Colombia se aproxima al ciclo electoral de 2026 en un momento decisivo: la ciudadanía no está cuestionando la democracia como sistema, sino su desempeño. La encuesta Cuidar la Democracia, impulsada por la Universidad Tecnológica de Bolívar, Universidad de los Andes, Universidad EAFIT, Uniminuto, Universidad del Norte, Universidad Autónoma de Bucaramanga, Pontificia Universidad Javeriana, Universidad del Rosario, Universidad de la Sabana, Universidad ICESI y CESA, evidencia una ciudadanía crítica pero comprometida: persiste la insatisfacción frente a los resultados institucionales, pero se mantiene intacta la convicción de que el voto es el instrumento legítimo de transformación y que el sistema democrático sigue siendo el marco irrenunciable para tramitar las diferencias políticas.
El 92% de los ciudadanos considera que su voto hace la diferencia y el 72% manifiesta intención de participar en las próximas elecciones. Este dato no es menor: en un contexto regional donde los discursos autoritarios ganan terreno, Colombia reafirma su apuesta por un modelo con Presidente y Congreso, con separación de poderes y controles institucionales. La preferencia por la democracia supera ampliamente alternativas como gobiernos de fuerza o decisiones concentradas en figuras sin contrapesos.
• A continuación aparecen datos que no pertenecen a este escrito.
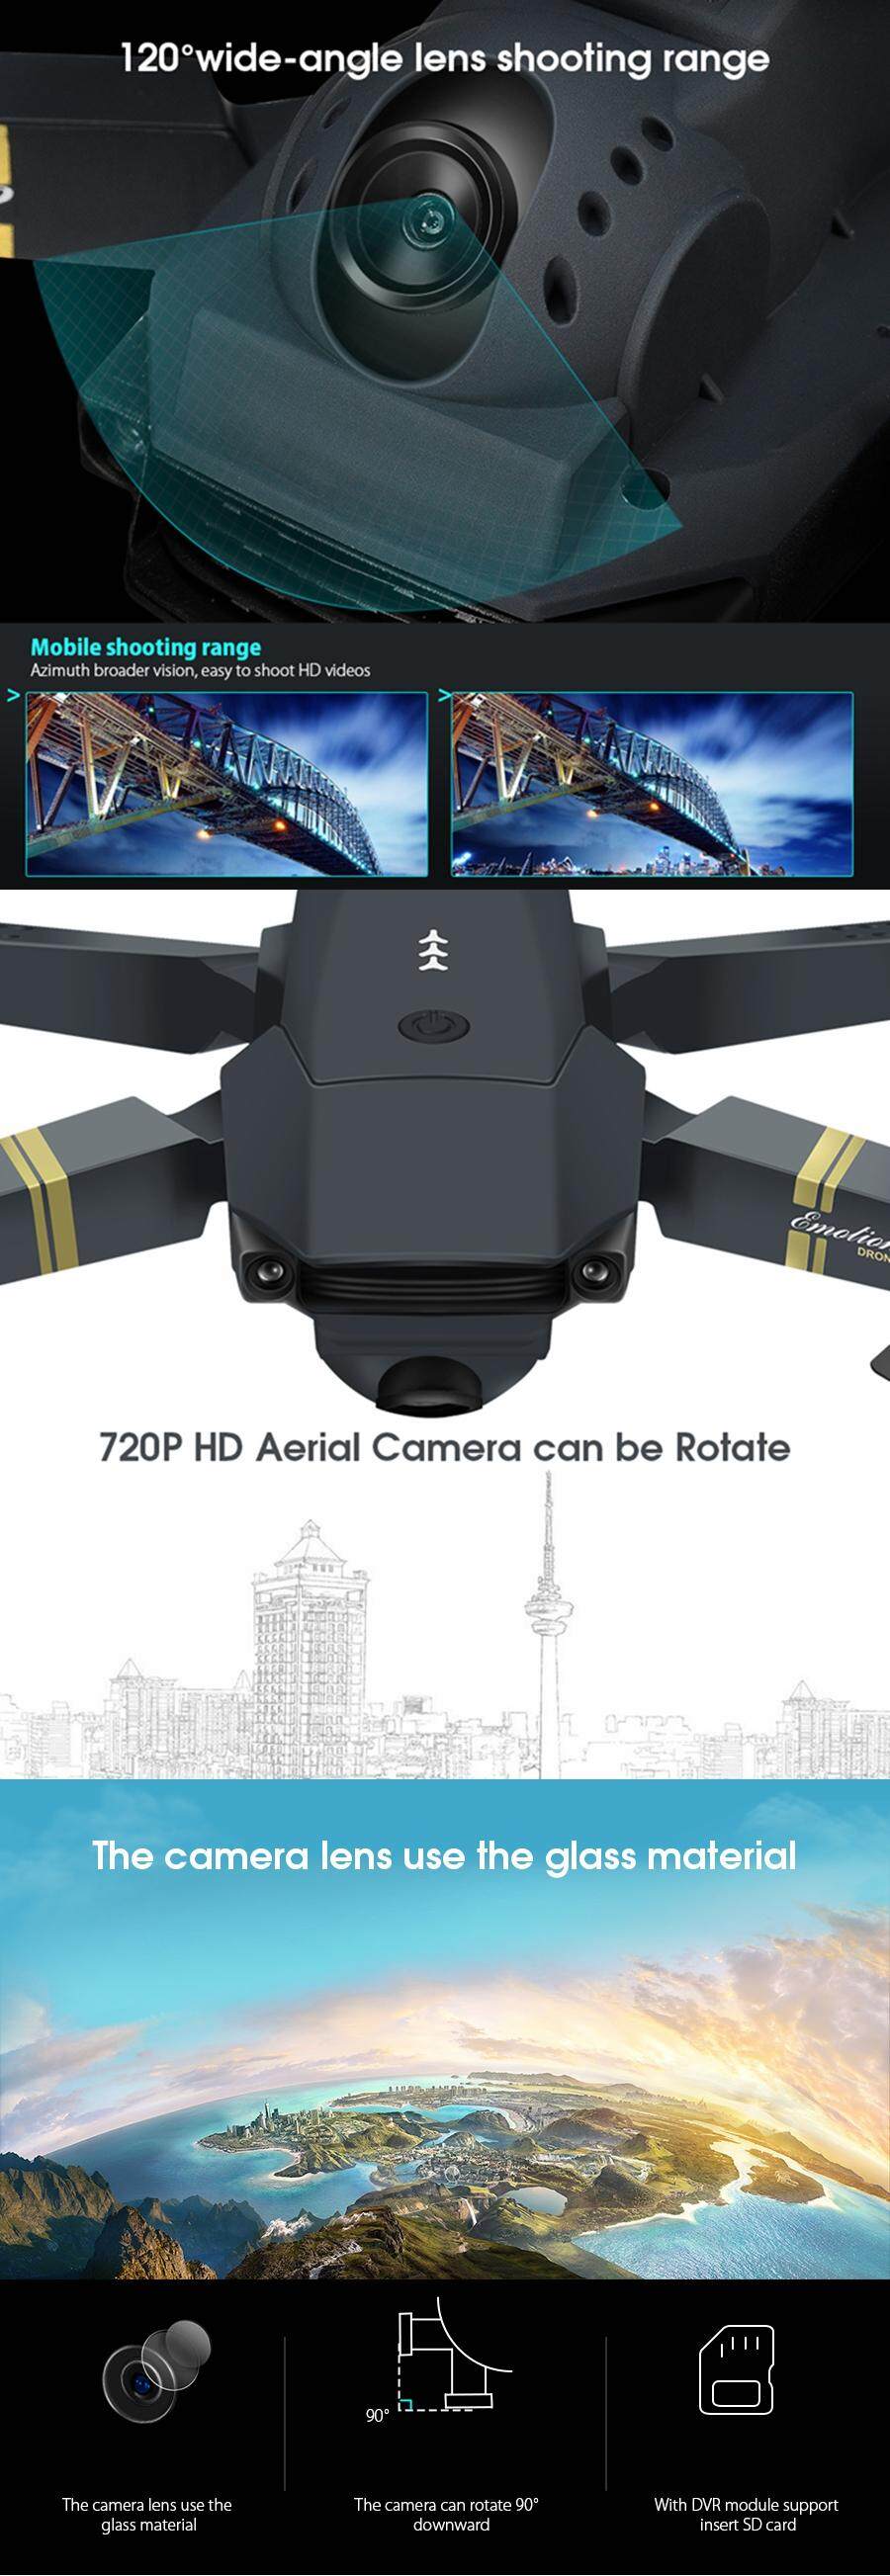 ข้อมูลประกอบของ (ส่งมาจากประเทศไทย)โดรนบังคับ E58 WIFI FPV With Wide Angle HD 1080P Camera โดรนติดกล้อง Hight Hold Mode Foldable Arm RC Qpter Drone โดรนบังคับ X Pro RTF Dron For Gift

Sin embargo, el respaldo al sistema convive con una insatisfacción estructural. El 58% se declara inconforme con el funcionamiento actual de la democracia. Las principales causas no son ideológicas, sino institucionales: la desinformación (60%) y la falta de transparencia (56%) emergen como las mayores amenazas. Es decir, la ciudadanía no está cuestionando la democracia como principio, sino su calidad, su eficacia y su coherencia.
El mensaje político es claro: la legitimidad en 2026 no se construirá sobre discursos polarizantes, sino sobre resultados verificables. Los colombianos asocian la satisfacción democrática con mejores oportunidades de educación y empleo (56%), mayor seguridad (54%) y más transparencia (50%). La demanda central es gestión, no retórica.
Otro hallazgo estratégico es la expectativa depositada en las instituciones. Gobierno Nacional, Congreso y Cortes son percibidos como los principales responsables del cuidado del sistema democrático. No obstante, también se evidencia una oportunidad para ampliar la corresponsabilidad: universidades, sector empresarial, organizaciones sociales y ciudadanía deben asumir un rol activo en la pedagogía democrática y en la vigilancia institucional.
La educación aparece como un eje transversal. El 88% considera que la democracia funciona mejor en sociedades más educadas y una mayoría espera que las universidades participen en el diseño de políticas públicas. Esto redefine el debate político: la defensa de la democracia no es solo un asunto electoral, sino cultural y formativo.
El 2026 es, por tanto, un punto de inflexión. Los gobernantes deberán cerrar la brecha entre expectativas ciudadanas y desempeño institucional. Los candidatos estarán obligados a comprometerse públicamente con estándares superiores de transparencia, respeto por los límites constitucionales y lucha frontal contra la desinformación. La afinidad ideológica pierde peso frente a atributos como integridad, capacidad técnica y cumplimiento.
Colombia no es un país que quiera abandonar la democracia; es un país que quiere que la democracia entregue resultados. El desafío es transitar de una ciudadanía desilusionada a una ciudadanía con agencia, capaz de informarse, exigir y participar activamente. Cuidar la democracia en 2026 no será una consigna. Será una prueba de madurez institucional y de responsabilidad colectiva.